In other areas, the experience of Irish trainees differed from that of their UK counterparts. A far smaller proportion of Irish trainees were redeployed to other areas of the hospital. This most likely reflected the greater severity of the UK’s first wave. Irish trainees reported a larger reduction in consultant-led teaching than UK trainees but a similar reduction in peer-to-peer teaching. This may reflect adherence to the faculty’s advice that departments should facilitate remote reading where possible. The overall reduction in consultant-led teaching in Ireland, however, was likely balanced by the greater availability of trainees to attend whatever tutorials were available because of lower levels of redeployment.

Our study of Irish trainees offered some new insights compared with previous studies. There was a high level of satisfaction with the FFR exams which were conducted for the first time using video conferencing software. More than half of trainees felt that the experience was better than expected. Almost 90% said that the experience was similar or better than traditional exams. Online tutorials were also well received by trainees.

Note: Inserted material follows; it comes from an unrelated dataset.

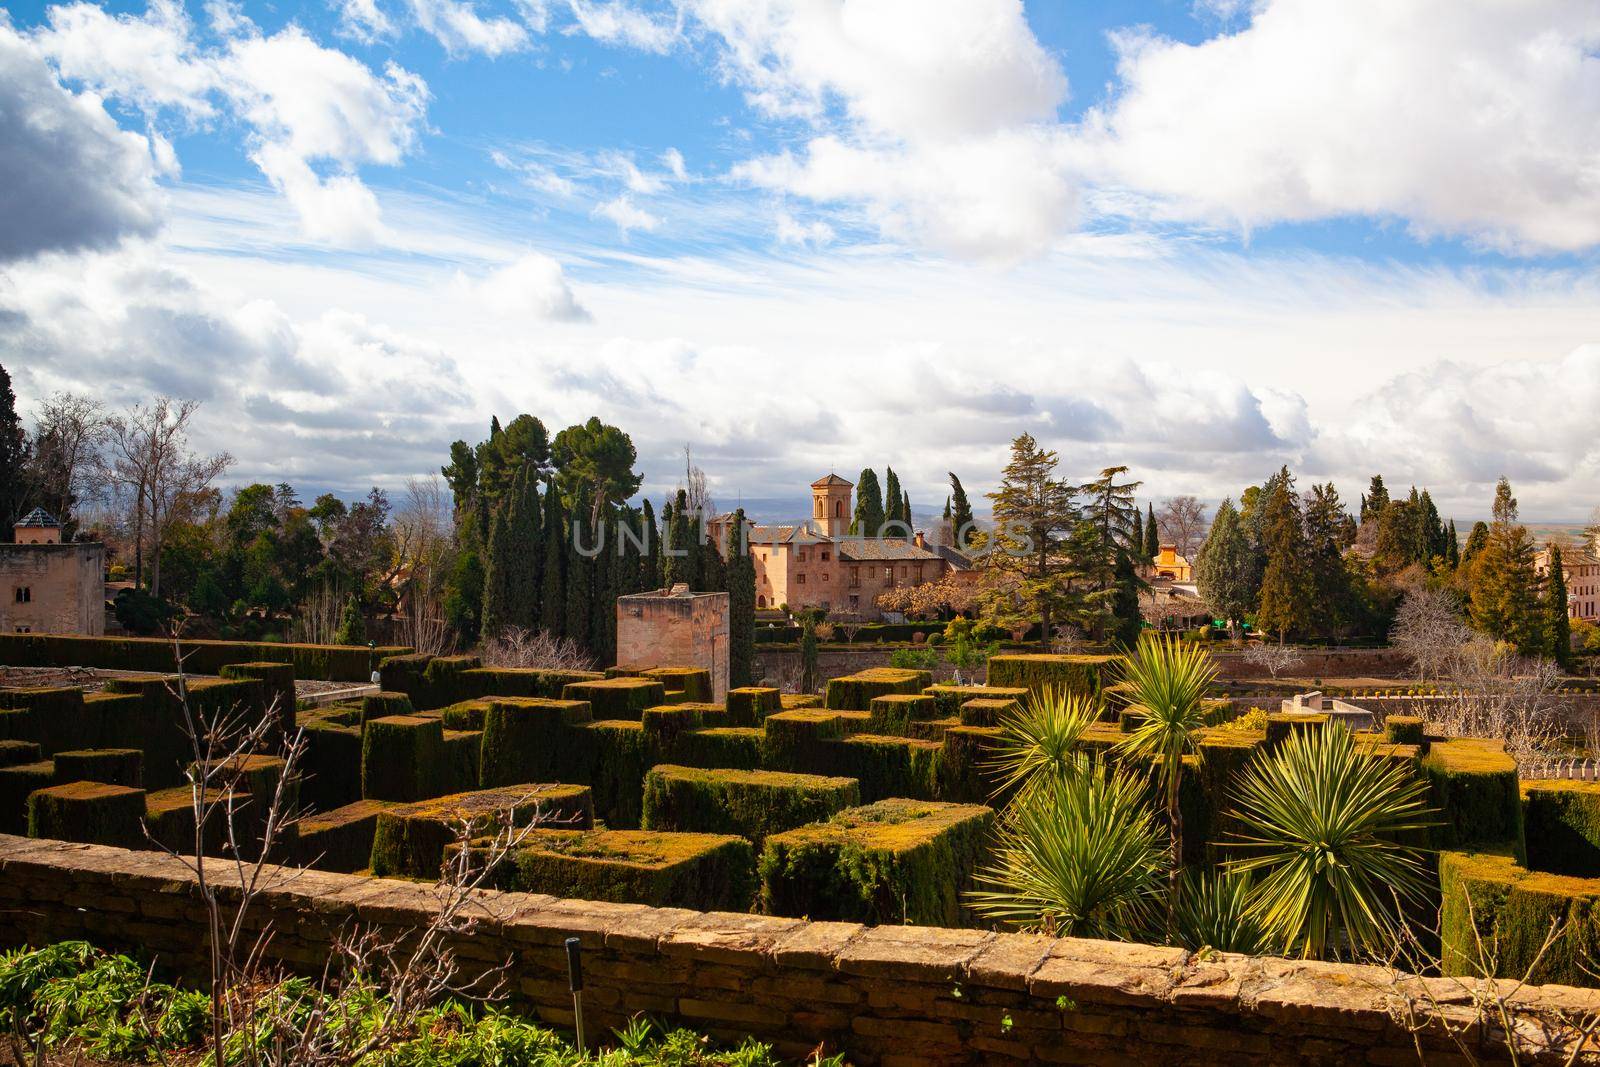 The Alhambra is a palace and fortress complex located in Granada, Andalusia, Spain. It was originally constructed as a small fortress in AD 889 on the remains of Roman fortifications

Many reports have highlighted the different ways in which radiology training can adapt to the challenges of the pandemic [10, 11]. Video conferencing software may become the new normal for teaching and examining in postgraduate training, especially considering the flexibility it offers to trainees and trainers alike. The Faculty of Radiologists has adapted by providing scheduled lectures and course days online for the foreseeable future.

Unlike the positive experiences trainees report with online exams, respondents were less enthusiastic about online multidisciplinary team (MDT) meetings. The majority of respondents found this experience worse than traditional meetings. Better integration of video conferencing software with the National Integrated Medical Imaging System (NIMIS) is one measure that may help to improve trainees’ experiences. Most trainees also found online conferences to be a worse experience to traditional in-person conferences.

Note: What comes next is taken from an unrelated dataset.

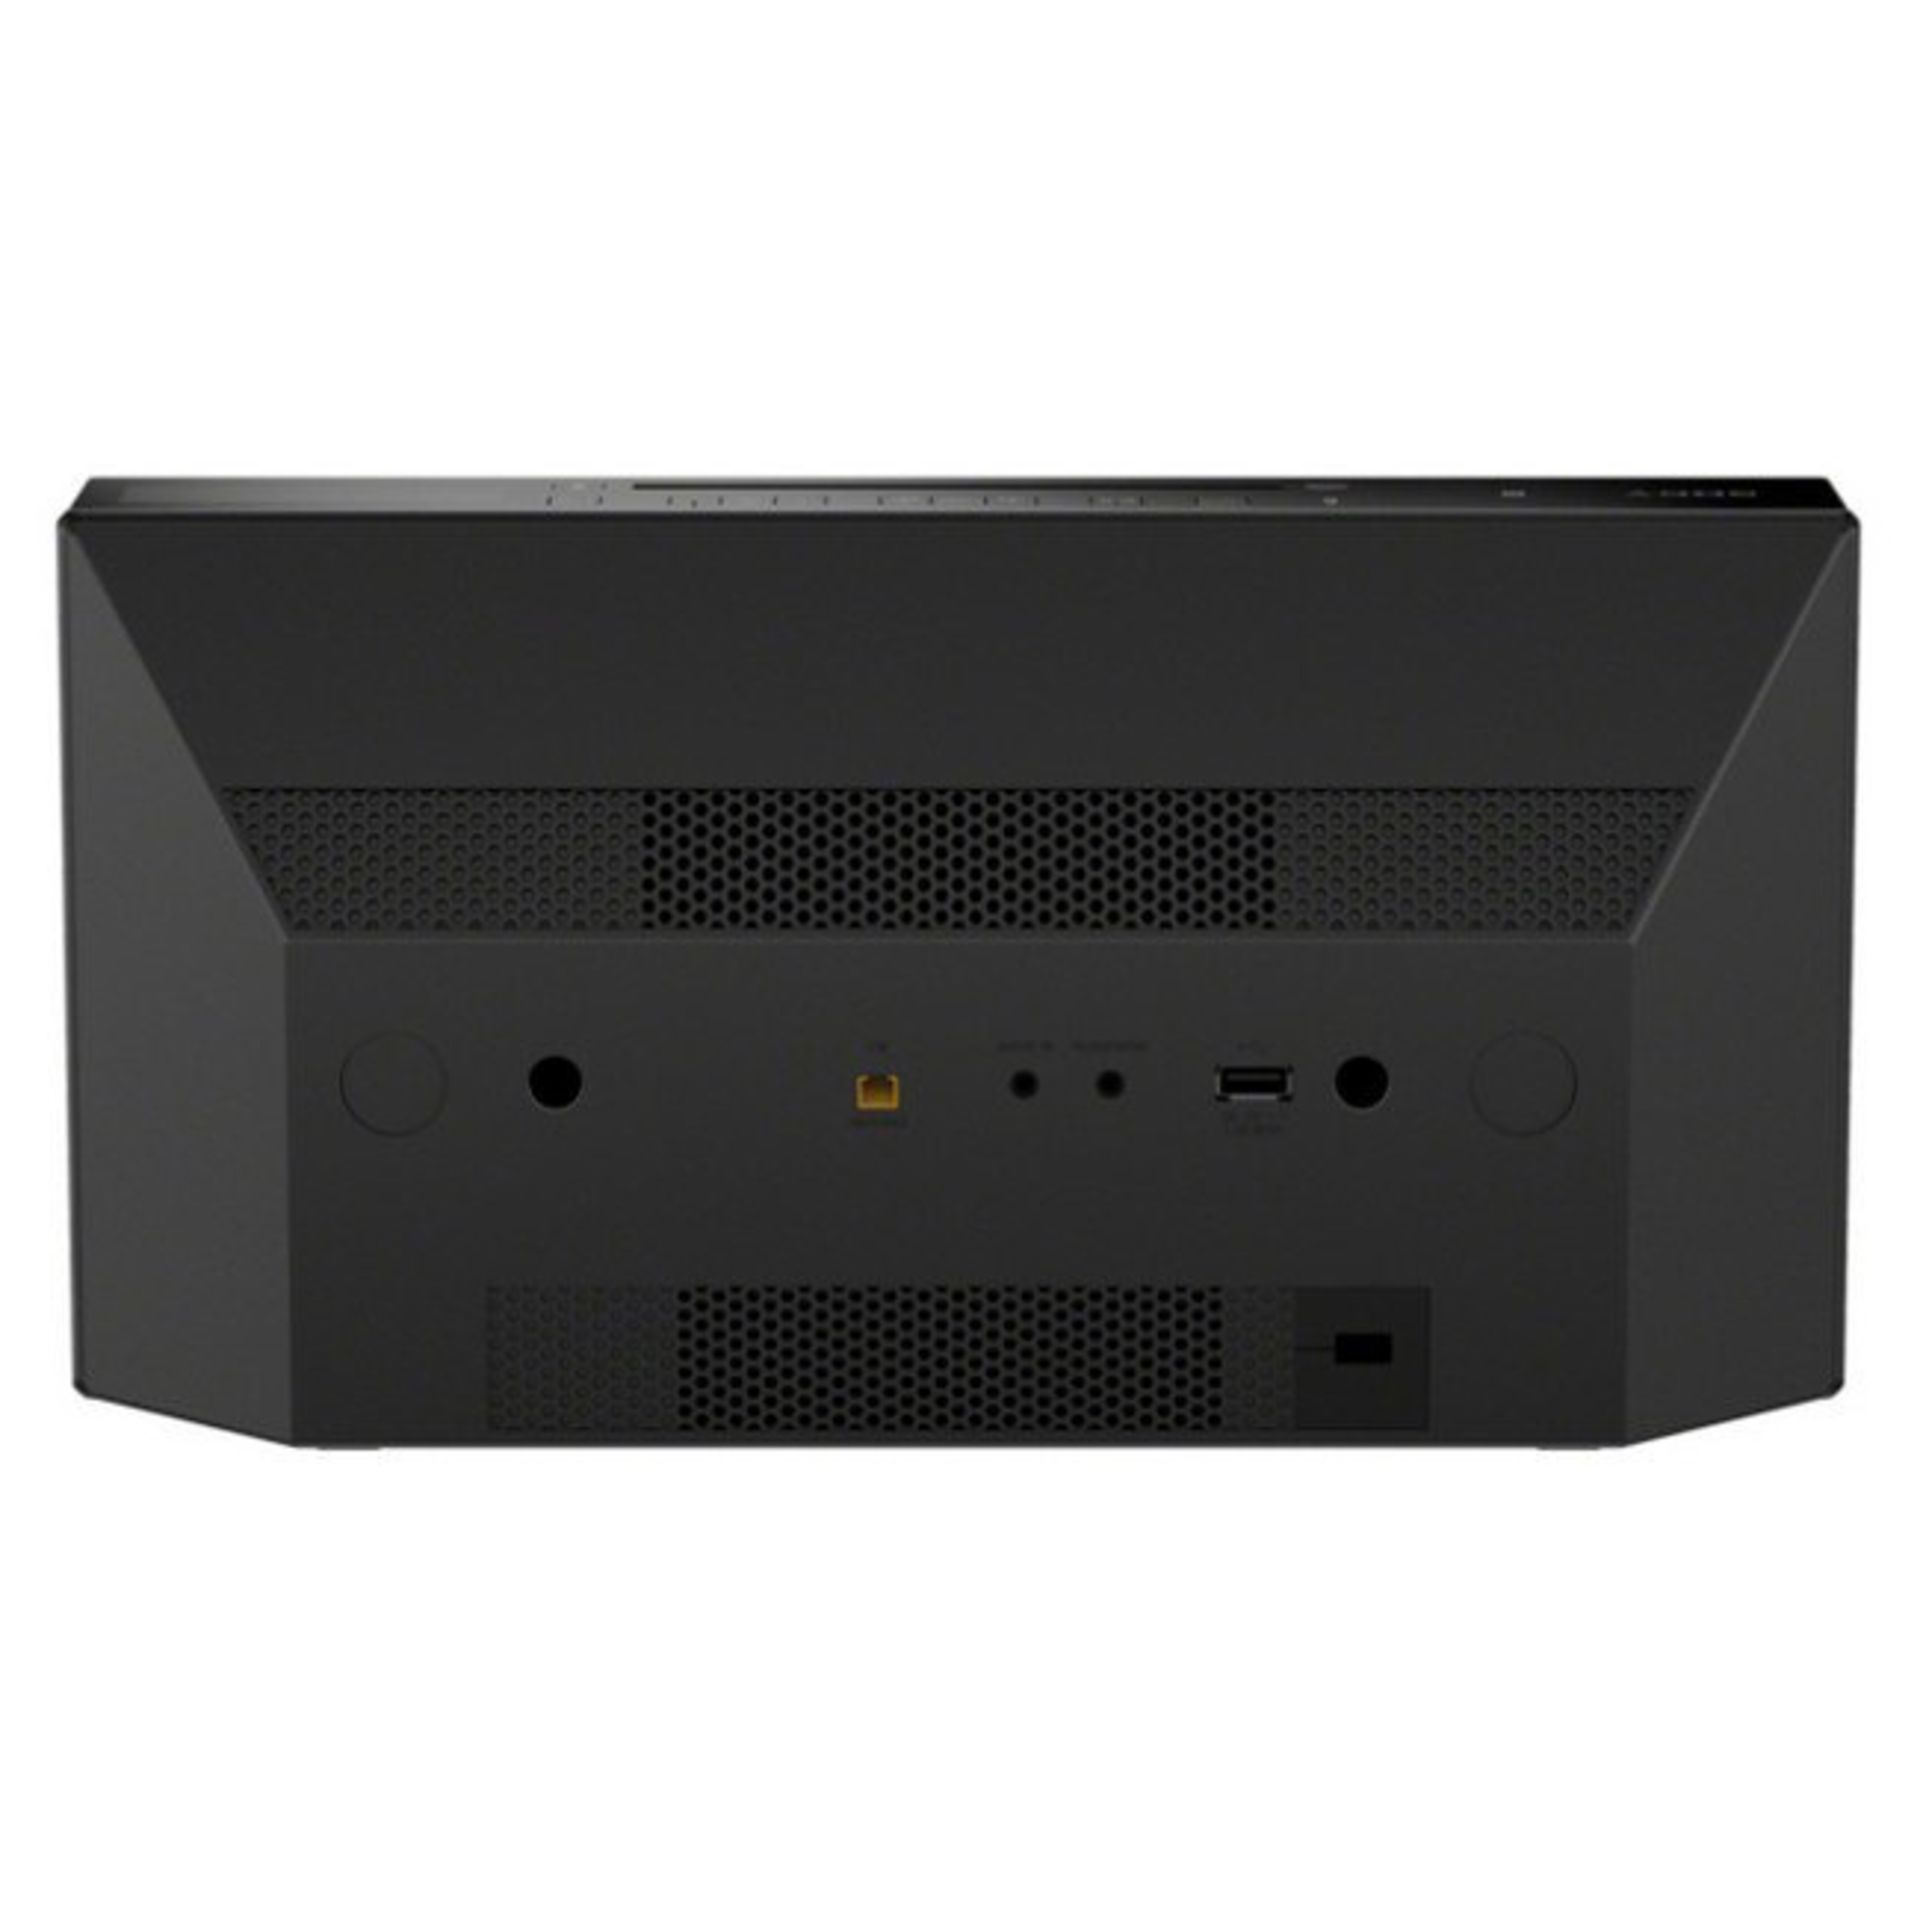 A1 PRODUCT NEW - SONY CMT-X3CD MICRO, CD/BLUETOOTH/NFC HIFI SYSTEM IN BLACK - RRP Ã‚Â£239 - Image 3 of 4

The size of the trainee cohort is one potential limitation of this study. Sixty trainees did not respond and were therefore not represented. However, 51.6% was considered an adequate response rate, particularly given the survey was voluntary and anonymous and considering that there was representation from every Irish training centre. The highest proportion of responses came from first years who had only experienced radiology training during the pandemic. Their experiences and responses may not be representative of many more senior trainees who did not respond. Six of the nine training centres surveyed were in Dublin. There have been regional variations in COVID-19 infections across the country, but the highest number of cases and deaths overall has occurred in Dublin [12]. For this reason, our results may not be fully generalizable. In addition, there were significant variations in the way each individual hospital responded to the challenges of COVID-19 in terms of training, rotas, redeployment, and day-to-day work practices. Any individual’s experience of the pandemic will have been affected to some extent by factors unique to their own training centre.

Our nationwide survey of postgraduate trainees shows that the COVID-19 pandemic has had a significant effect on radiology training and trainee wellbeing. However, online training resources, tutorials, and exams conducted remotely using video conferencing software have been enthusiastically embraced by trainees. The lessons learnt from the last 12 months should serve to prepare radiology trainers and trainees for the future challenges of this and other health crises.